The Controller-General of Nigerian Correctional Service (NCS), Ja’afaru Ahmed, on Thursday said the service can now reject prisoners following its restructuring.
Addressing a press conference at the Service headquarters in Abuja, the Controller-General said the Act establishing the NCS had given it the right to turn back prisoners following the overcrowding of prisons in the country.
The former Nigeria Prisons Service was recently changed to Nigerian Correctional Service as part of the Federal Government’s reforms in the service.
He said Prisons all over the country have a total of 73, 102 inmates in custody as at 2nd September, 2019 with 50, 216 of then still awaiting trial.
“On overcrowding, the new Act now provides a statutory procedure for rejecting inmates on account of lack of space. Sect. 12 (4) states; where the Custodial Centre has exceeded its capacity, the State Controller shall within a period not exceeding one week, notify the: Chief Judge of the State; The Attorney General of the State; Prerogative of Mercy Committee; State Criminal Justice Committee; and Any other relevant body. “Sub-section (7) states: upon receipt of the notification referred to in subsection (4), the notified body shall, within a period not exceeding three months, take necessary steps to decongest the facility if it must accept more inmates.

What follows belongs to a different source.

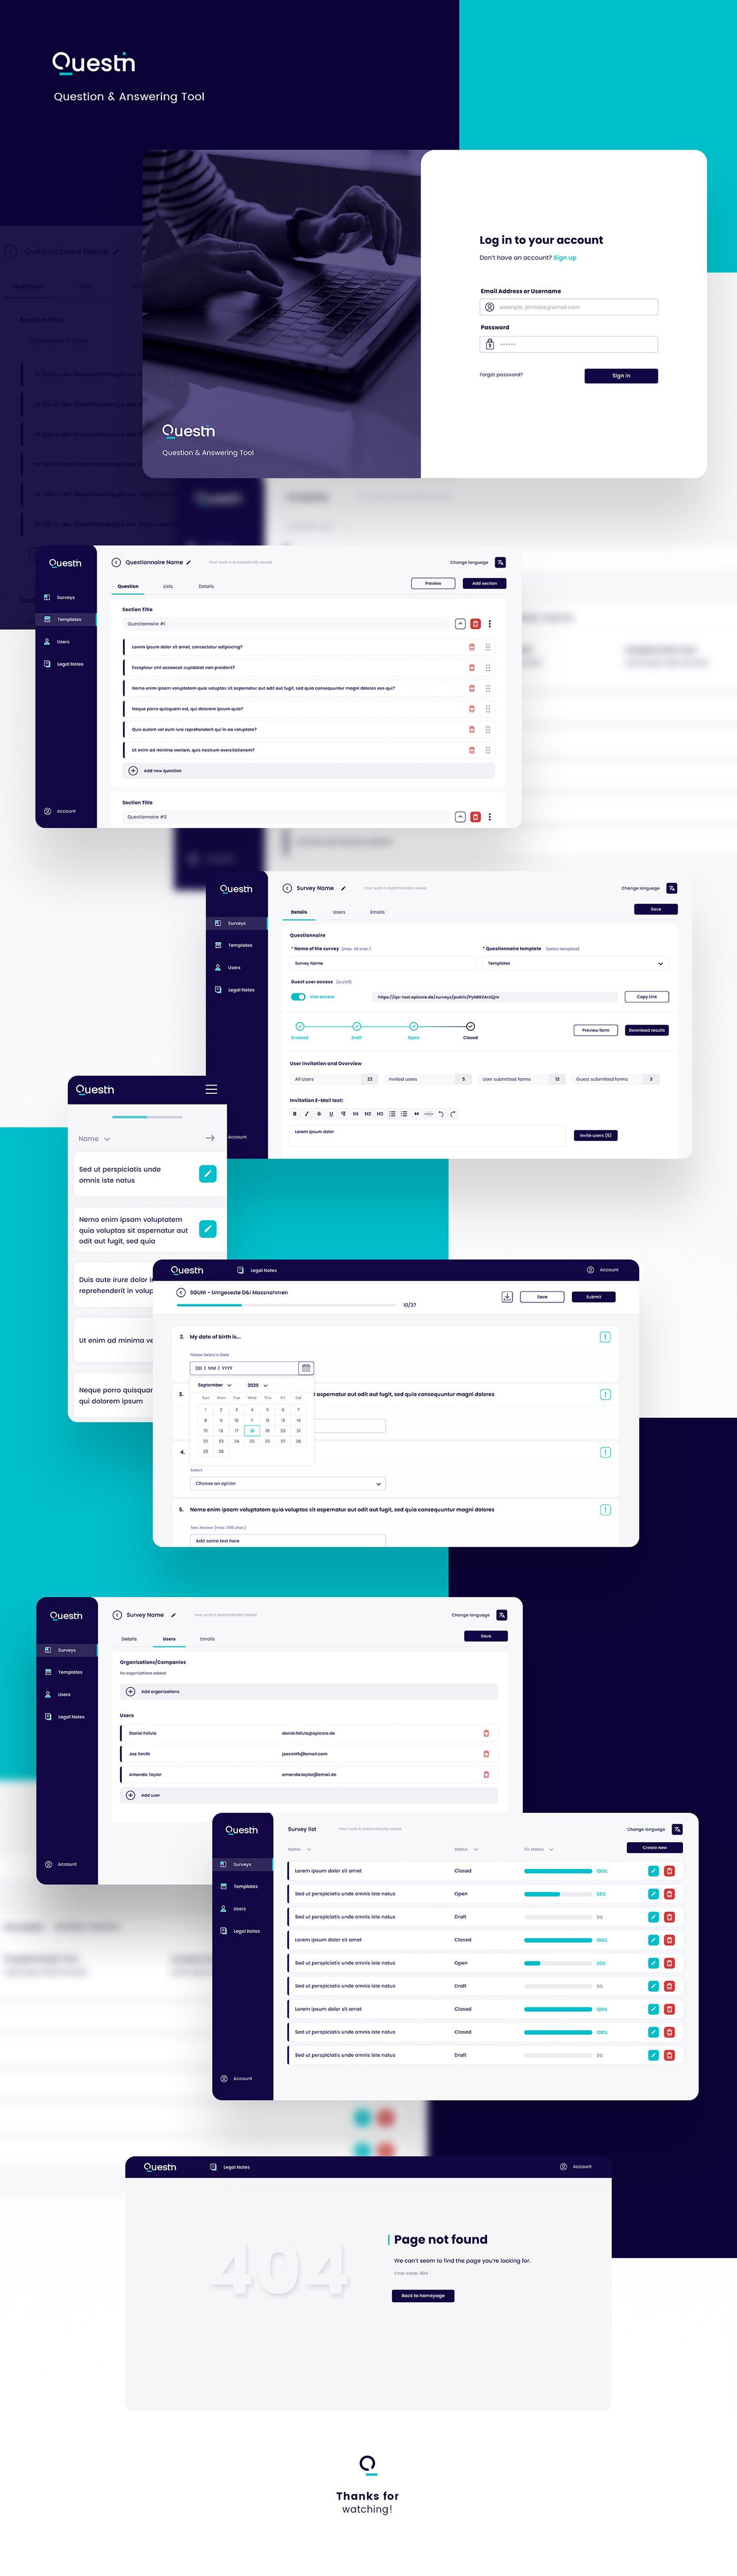 app applicaton clean dashboard minimal question UI uidesign user interface ux

“Then subsection (8), specifically empowers the State Controller of Correctional Service in conjunction with the officer in-charge of the facility, to reject more intake of inmates where it is apparent that the Correctional Centre in question is filled to capacity,” he said.
Ahmed also disclosed that the new Act had provided that “where an inmate sentenced to death has exhausted all legal procedures for appeal and a period of 10 years has elapsed without the execution of the sentence, the Chief Judge may commute the sentence of death to life imprisonment. “
He said previously, this category of inmates lived under the suspense and mental torture of death which the appropriate authorities would neither sign nor easily commute to life imprisonment.
The NCS boss confirmed that there are 2,653 prisoners awaiting the hangman’s noose within the prisons.
The Controller-General also disclosed that new Act now forbids the use of correctional facilities for indiscriminate dumping of persons without due regard to their state of health or age.
Ahmed said: “Section 13 subsection (3) states; A Superintendent shall refuse to admit persons brought in: with severe bodily injury; Who is: mentally unstable, or in an unconscious state of mind, or underage.”
The NCS boss also revealed that whoever stigmatised convicted inmate who had been issued with a certificate by the Chairman of the Board on the recommendation of the CG will face the wrath of the law, adding that the Certificate enables him to engage and compete for social recognition without the toga of ‘ex-convict’”.